For people more comfortable with simulation than with probability theory, you can also write a SAS/IML simulation that "plays" the game many times. The statements call the `TestWinner`
module from
my previous blog post.

NSim = 1E5; x = j(NSim,9); y = j(NSim,1); /** each cell cell has different probabilities. Sample 9 times. **/ do i = 1 to 9; call randgen(y, "BERNOULLI", p[i]); x[,i] = y; end; win = TestWinner(x); ExpWin = win[:]; PctWin = (win>=0)[:]; print ExpWin PctWin; |

Notice that this game pays out an award 33% of the time, so it gives the players (false) hope and keeps them coming back. (Of course, for most of those "wins," you only get your money back!) The simulated result estimates that, on average, you will lose $0.58 every time you play the game. (The true expected loss is $0.595.)

Unless, of course, you know Srivastava's trick.

### Choosing the Probabilities: A Better Way?

One thing bothers me about the probabilities that I chose: the probability of winning a $10 or $20 award is too small. In order to lower the chance of winning the big $250 award (getting tic-tac-toe on the diagonal), I chose a small probability for the middle cell. But this also lowers the probability of getting tic-tac-toe on the middle row and middle column.

What scheme would you use so that the chance of winning an award is a decreasing function of the size of the award?

## 2 Comments

One comment on the Expected Gain. As far as I see it, the winning outcomes are not mutually exclusive and the Expected Gain calculation assumes they are.

Therefore I think an adjustment could be made by defining a pay strategy for cases when more than one winning combination occurs --for example by assigning the highest prize among all realized winning outcomes.

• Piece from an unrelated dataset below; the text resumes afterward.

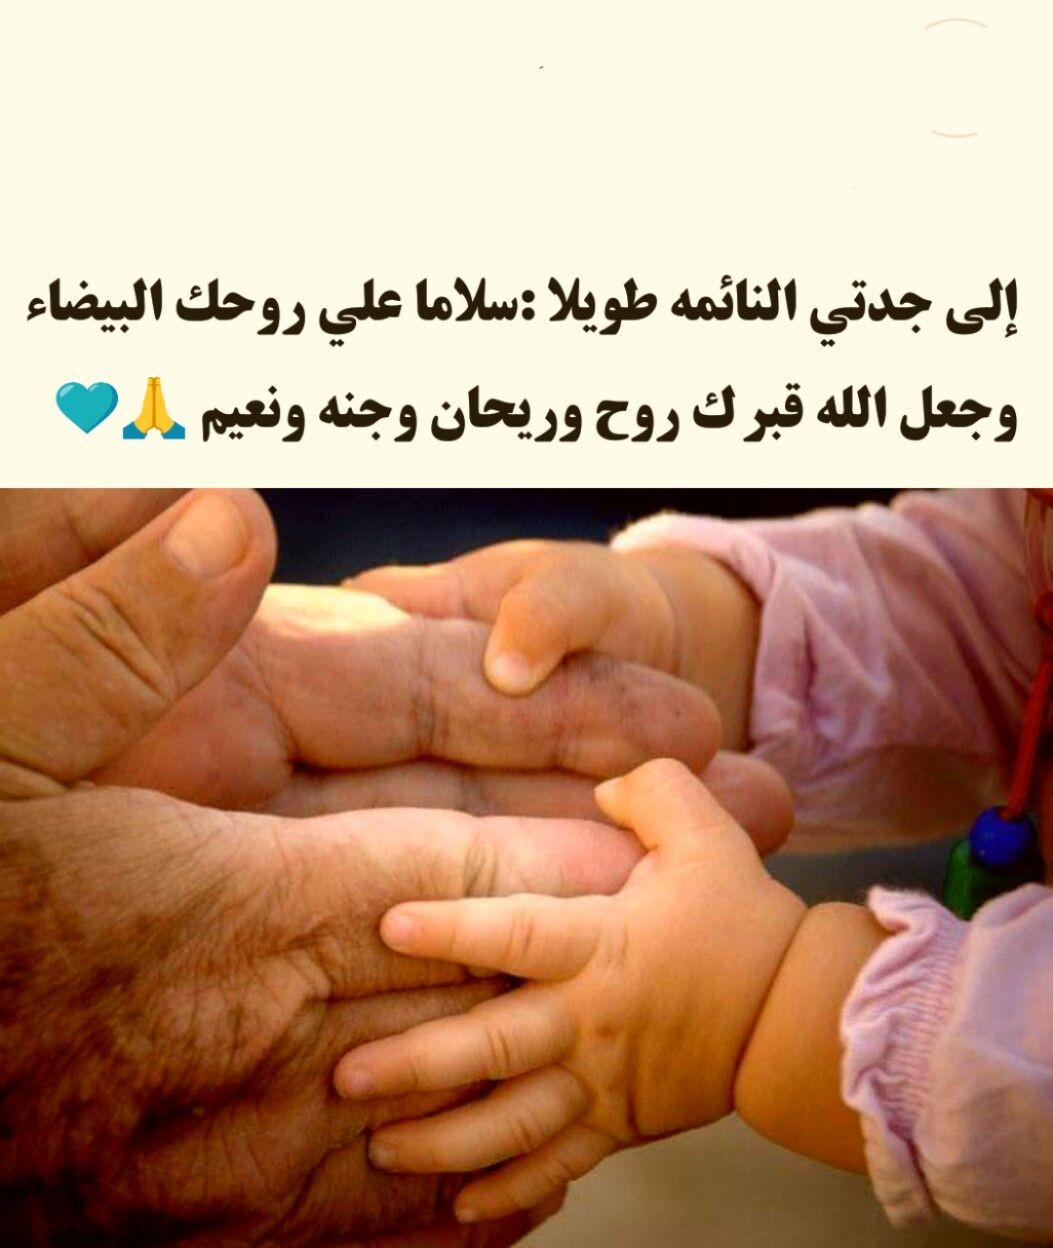 جدي حبيبي Islam Facts Words Quotes Wallpaper Bible

This of course requires the calculation of the probabilities of all possible winning-outcome combinations (such as all 1's).

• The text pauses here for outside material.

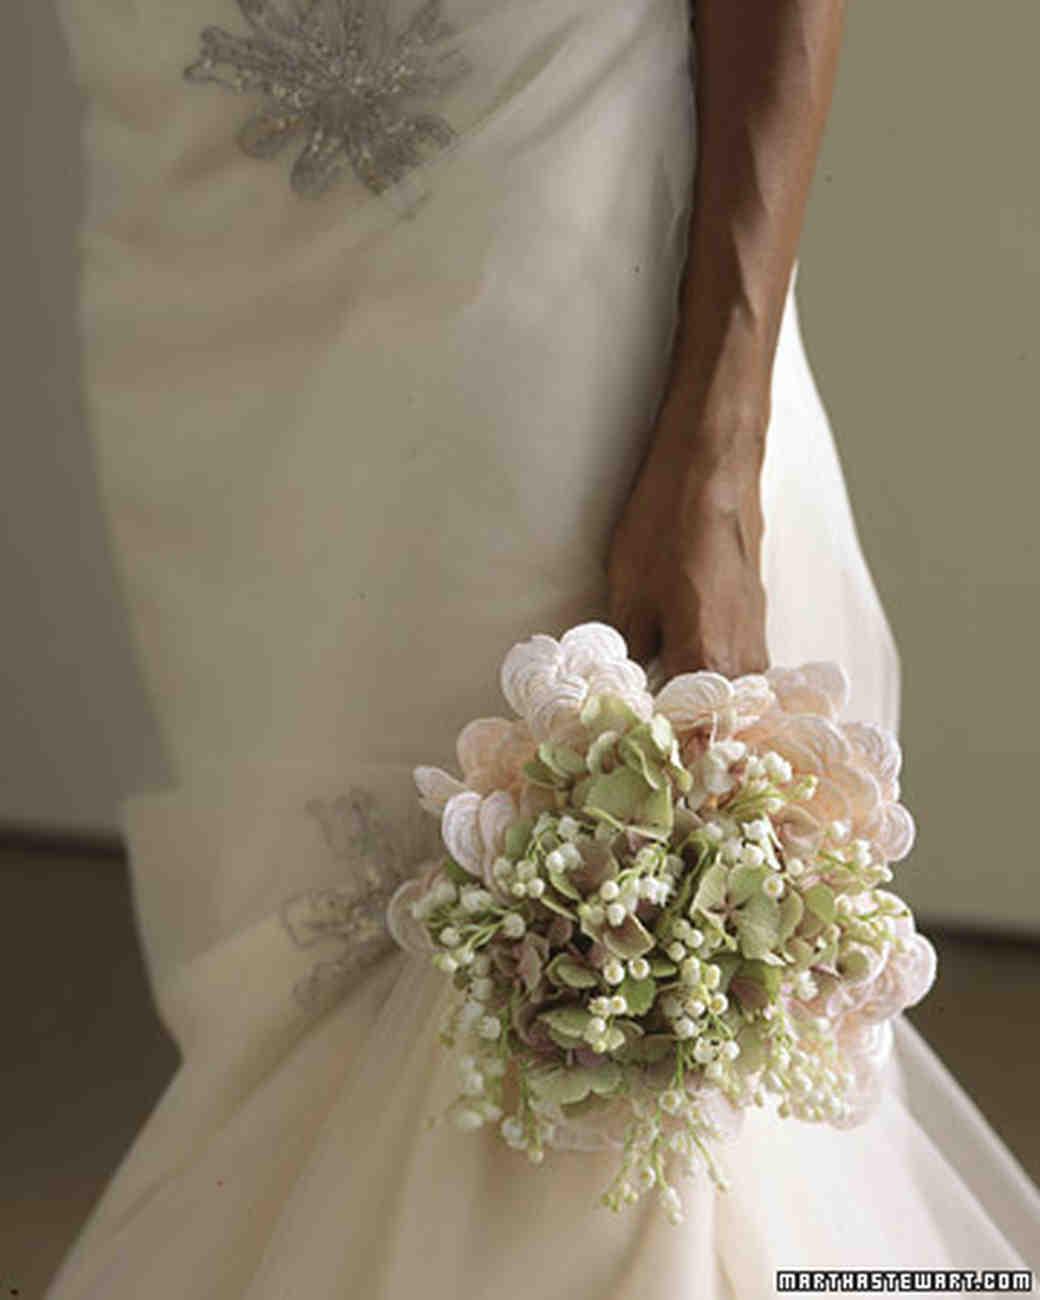 Martha Stewart Weddings: Hydrangea Wedding Flower Arrangements

It seems to me that the current calculation of the Expected Gain follows a pay strategy that assigns $0 to boards where multiple winning outcomes occur, which does not really make sense to the player. The good news is that, under the current probability layout, multiple winning outcomes have very low probability so this adjustment should not affect the Expected Gain value by much.

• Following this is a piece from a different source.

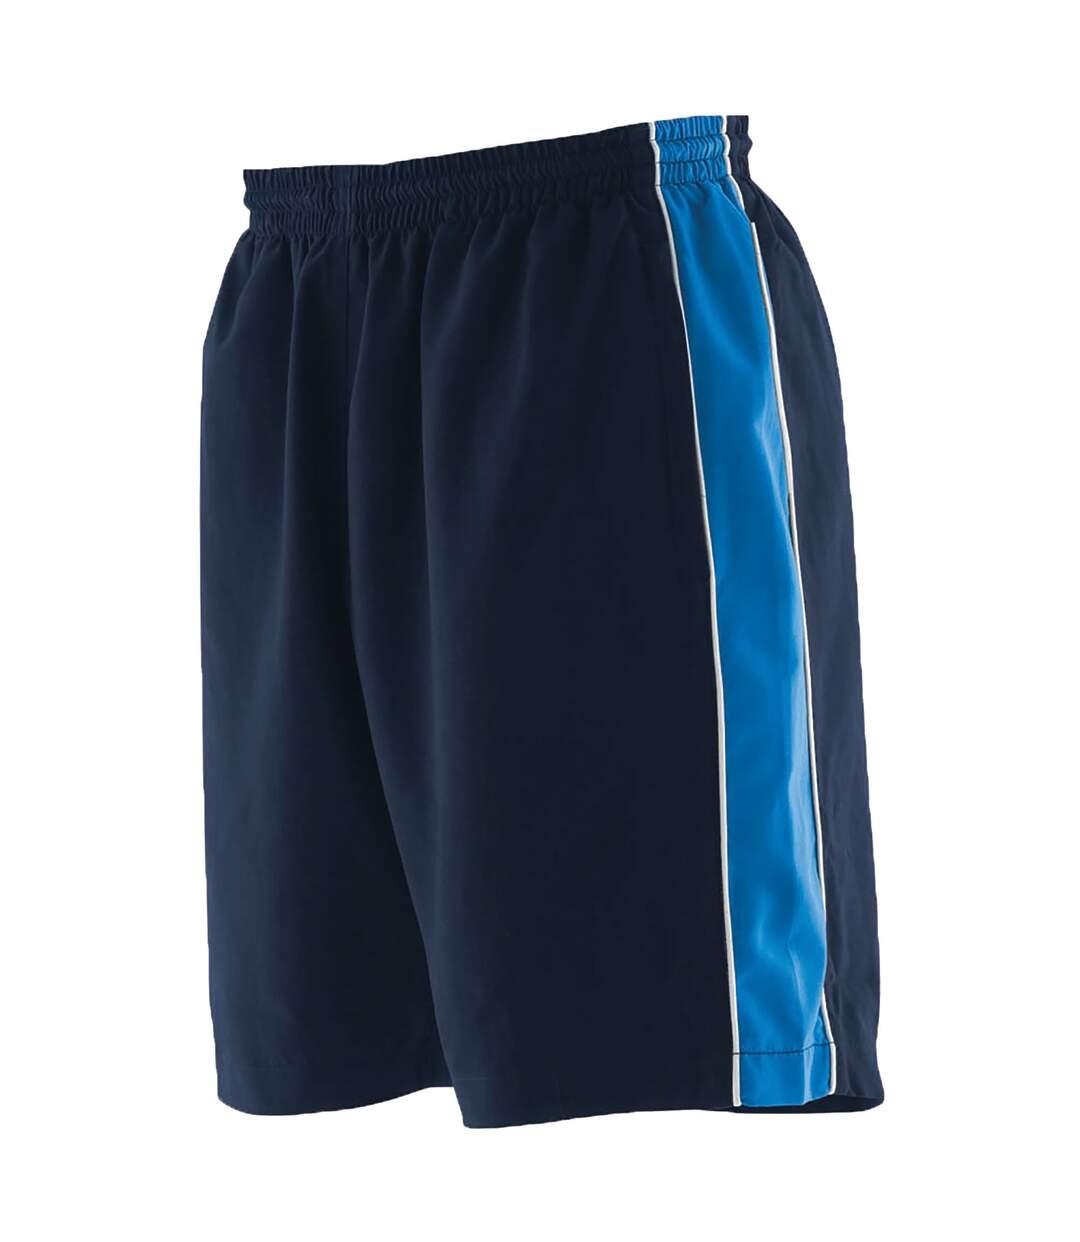 Finden & Hales - Short de sport - Homme (Bleu marine/Bleu roi/Blanc) - UTRW458

On the other hand, the simulation step might already be taking the multiple winning-outcome situation into account. In fact, the calculation of the "win" amount does not involve calculation of probabilities, but just counting the number of winning outcomes in a particular realization. The question I have here is: how is the TestWinner() function taking into account multiple winning outcomes to compute the "win" amount returned by the function? Is it giving the win amount that corresponds to the highest-prize winning outcome or is it summing the win amount of all realized winning-outcomes?

Conclusion: if I am not making any incorrect reasoning, the conclusion is that the theoretical and the practical approaches described above are not in line, and this will cause a divergence between the two expected gain values that is not only due to chance.

The TestWinner function gives the complete payout. Fo example, if a card is a winner both diagonally and horizontally, the TestWinner function detects that and returns a gain that is the sum of the prizes awarded.